The project is worth 35% of the final grade. Students should propose a project related to 3D displays. The facilities of the VisCenter are available to all students in the class. Students may work either in groups or alone. The scope and amount of work done for a group project should reflect the fact that more students are working on the project. In general the project definition is quite open ended. Development of software programs, literature reviews of papers not covered in class and hardware projects are all possible options. In the early parts of the semester, we read a literature review (from Prof. Wartell’s thesis) that references many studies and algorithms centered on 3D displays. Many of these referenced papers were only briefly summarized in this reading and could be an avenue for a class project. Here some random bits and pieces of ideas that could be expanded or combined into a project for this course. (Note, user studies using subjects beyond the project leaders may be subject to IRB approval).

-Perform a registration experiment study on the stereo display in the VisCenter

-Examine the effect of distorting the display stereoscopic space on a 3D object selection task using 6DOF tracking devices

-Examine the effect of adding depth of field blur (GPU programming perhaps) on subject perception of diplopia.
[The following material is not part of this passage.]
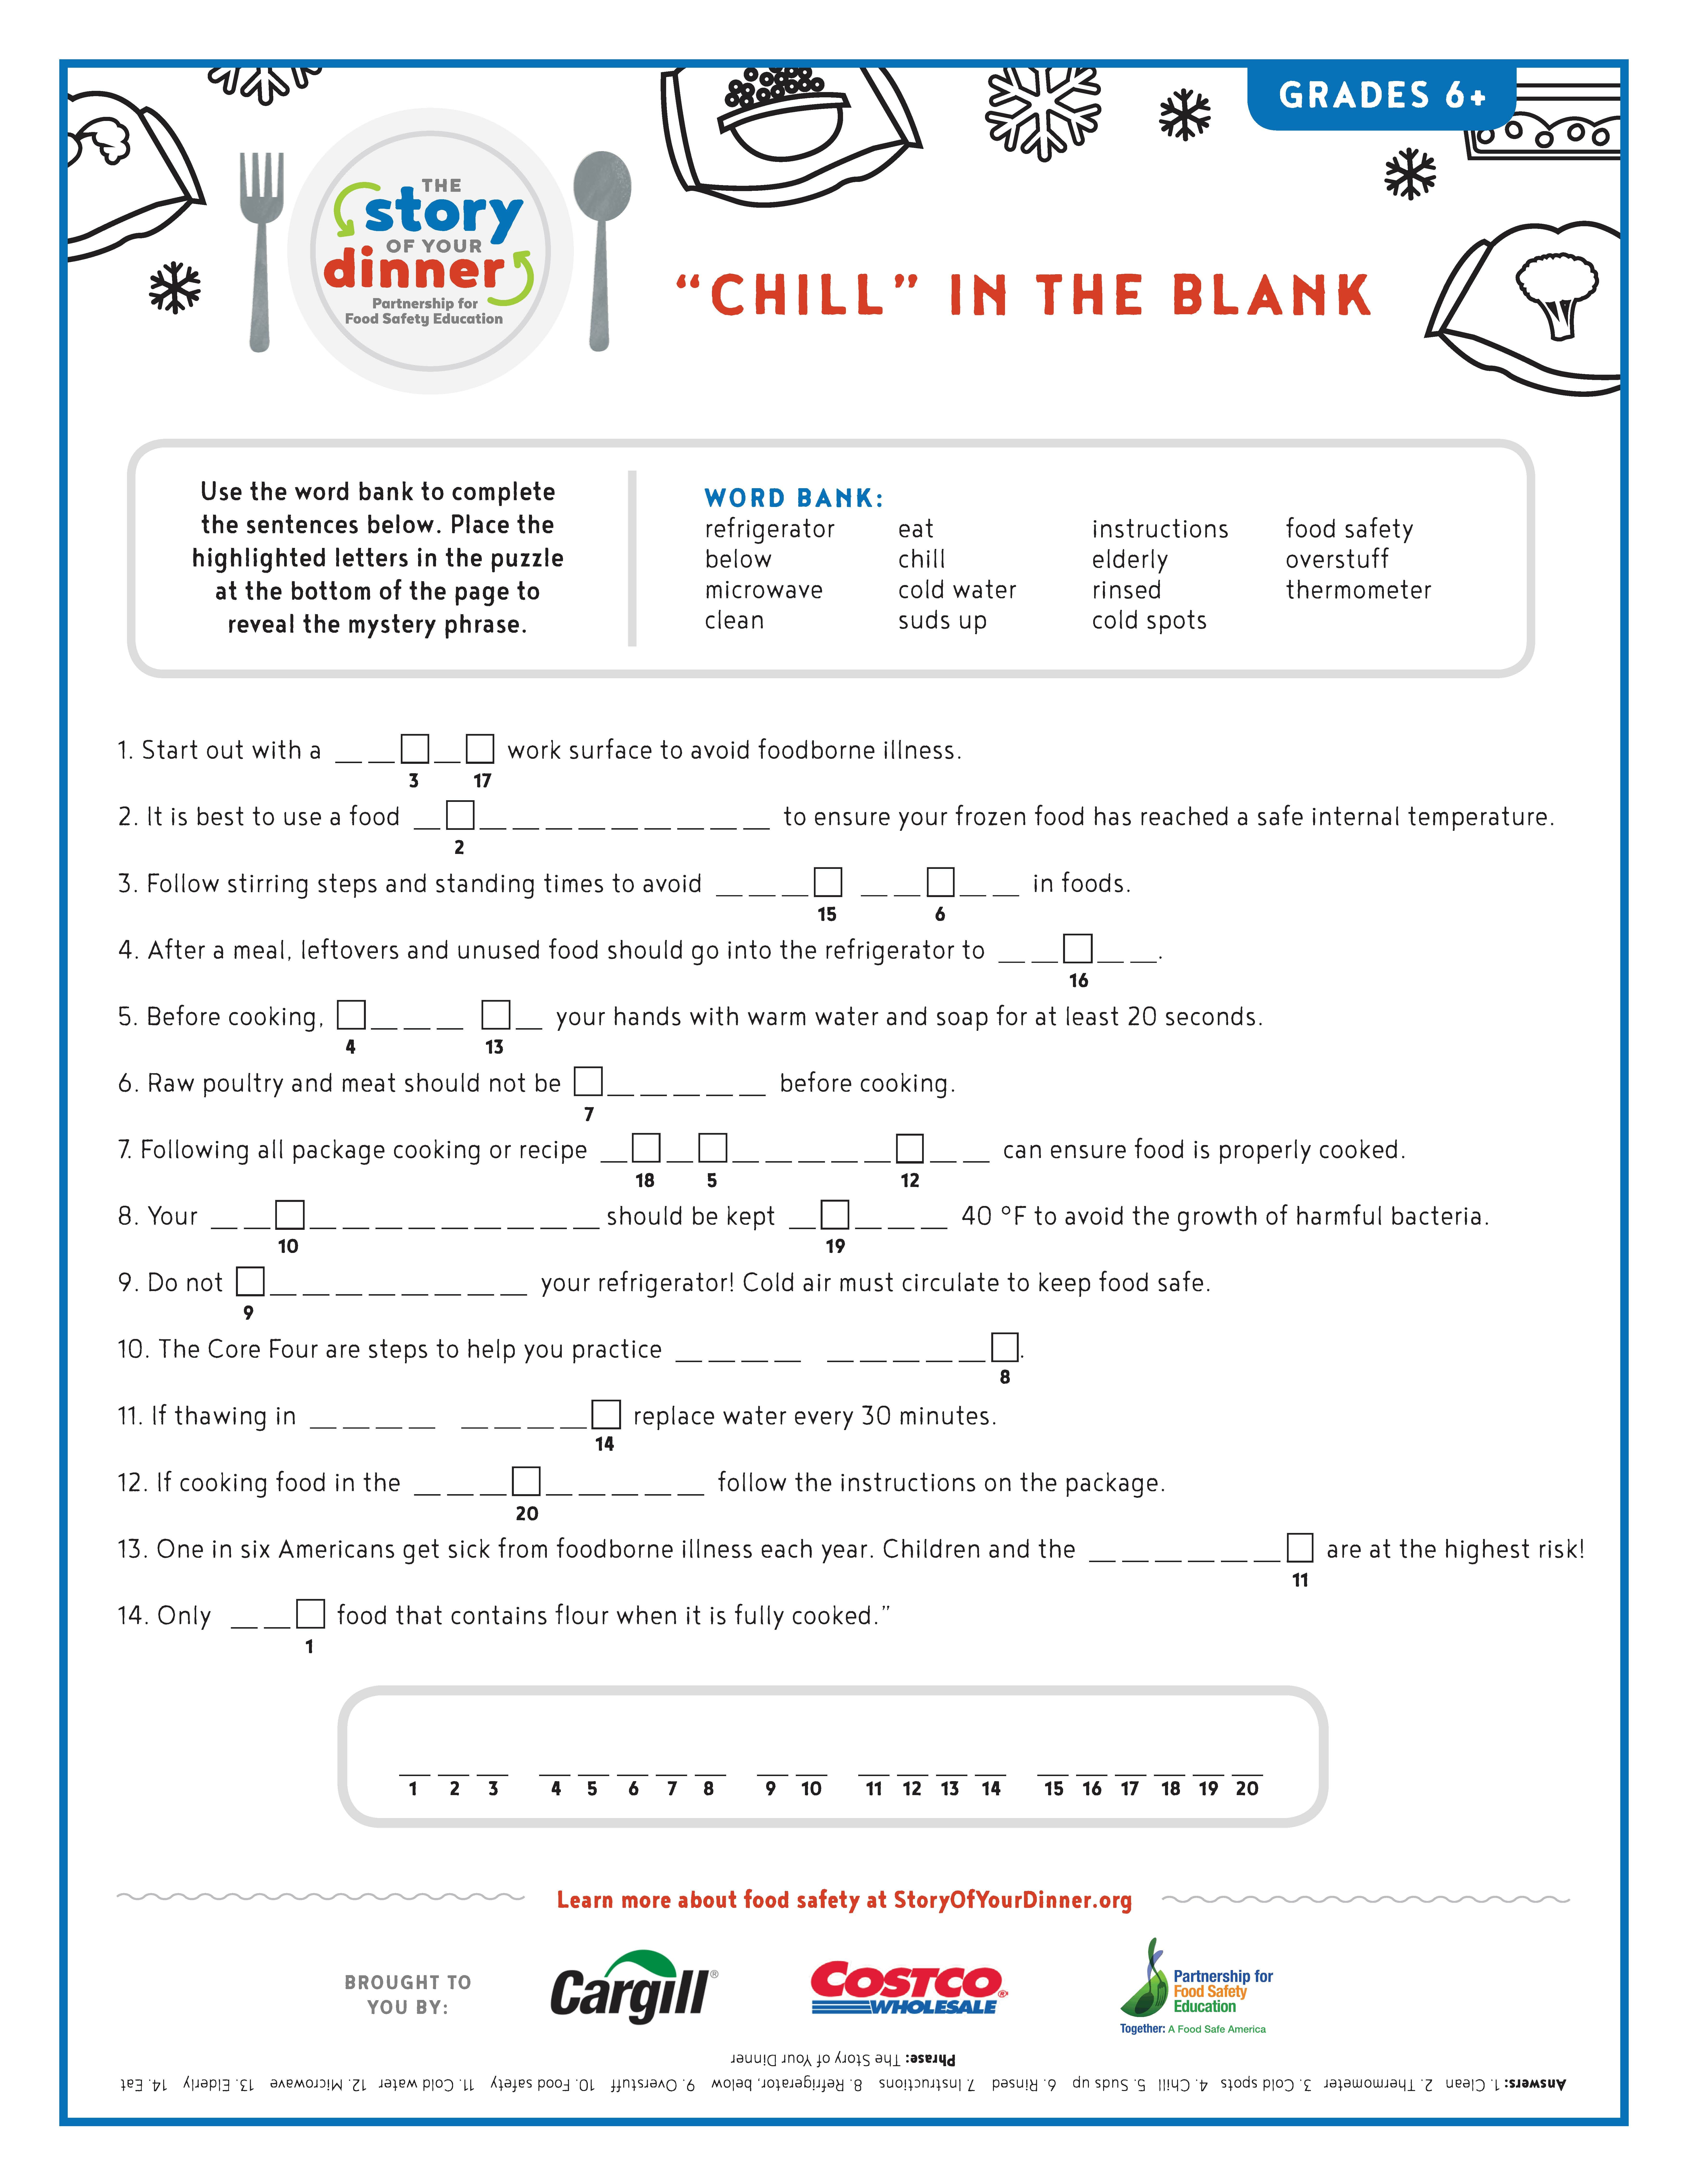 Chill in the Blank Activity Sheet Thumbnail

One idea is to assume the user is fixated on a 3D cursor being used for some 3D manipulation task and make the depth of field centered on that cursor.

-Verify and compare various fusion control distortion methods

-Investigate fastest way to read information from z-buffer for fusion control algorithms (GPU programming), i.e. try lots of ideas and experimentally see which runs the fastest on modern graphics cards

-Build additional 3D controllers for use in virtual environment interaction tasks

-Explore ways of improving stereoscopic rendering – ray-tracing, discrete ray tracing, OpenGL style rendering

-Write a 3D application (non-stereo) that illustrates various distortions caused by fusion control algorithms in stereoscopic displays.
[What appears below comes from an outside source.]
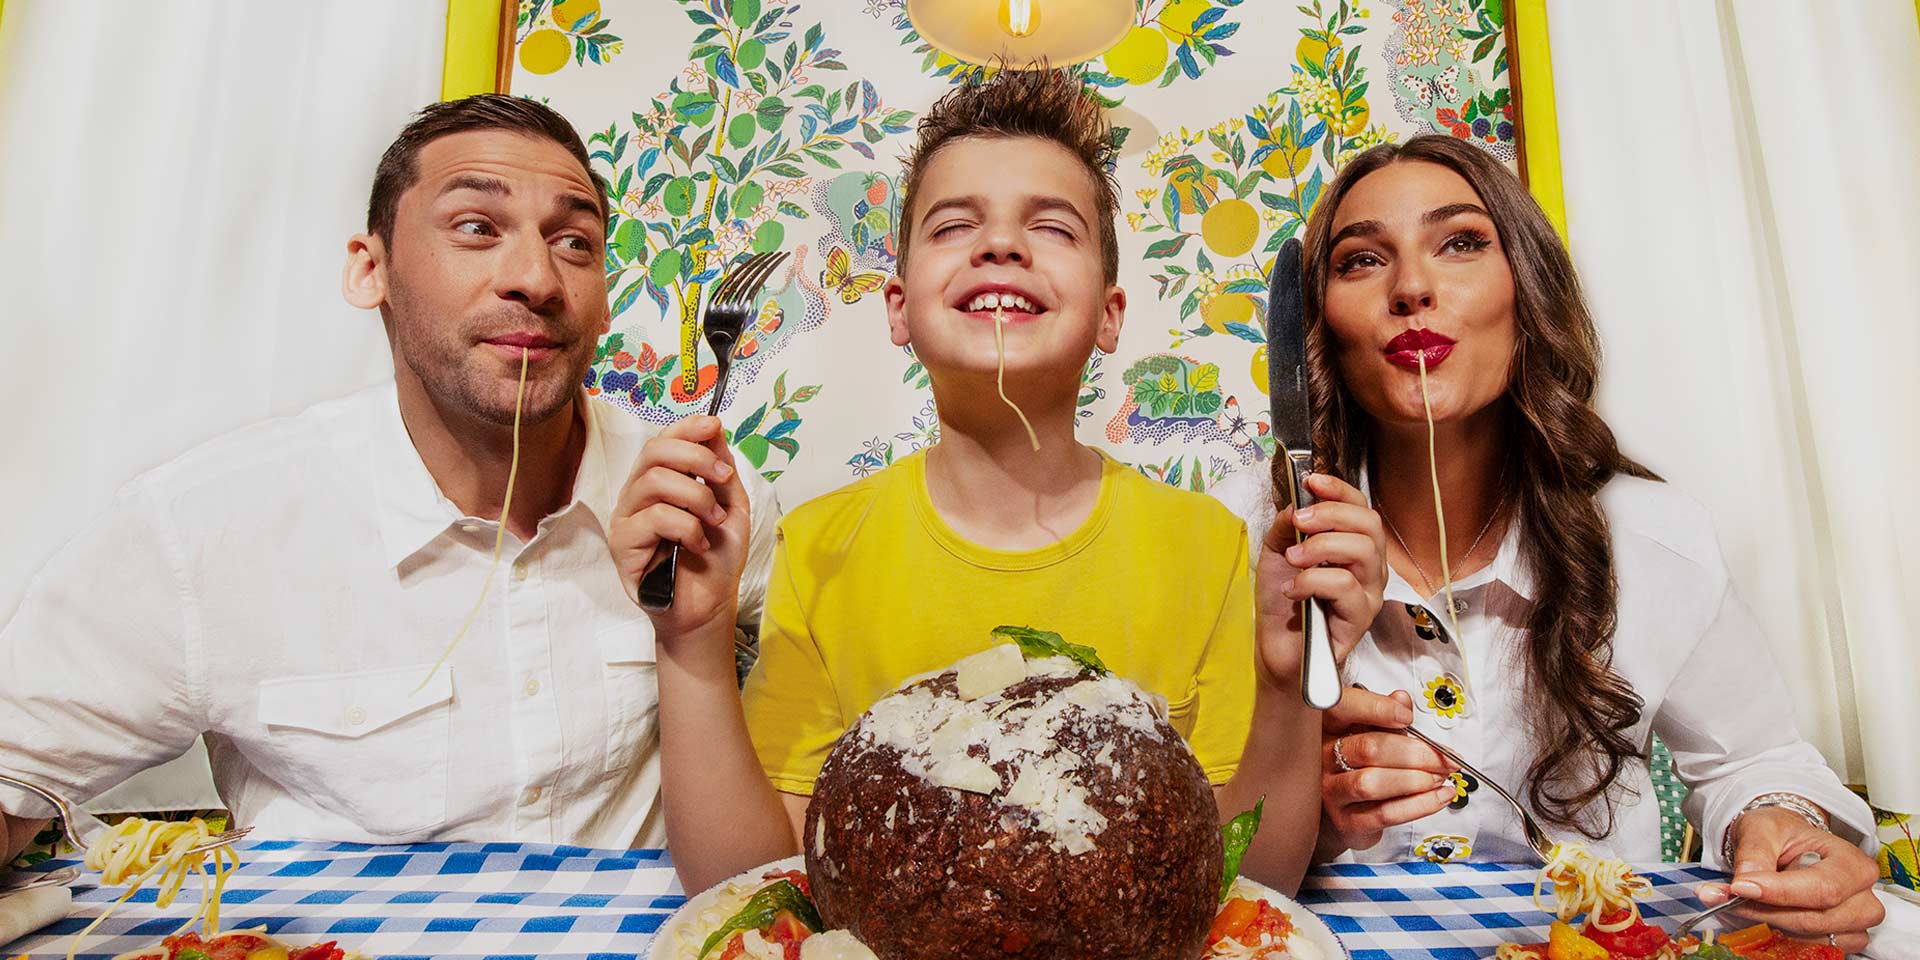 parents with their young son are slurping on spaghetti noodles and smiling

-Write a sophisticated and advanced random dot stereogram generator

-Experimentally study display characteristics of stereo displays in VisCenter,

-study/measure mirror affect on polarization and ghosting

-measure ghosting across color range/brightness range

-Implement some interesting interactive 3D stereoscopic application

Due Dates and Deliverables:

-Project Proposal – Monday February 20th

-Prof. Wartell will review proposal and set meeting times for each student/group to discuss any needed additions or revision by 27th.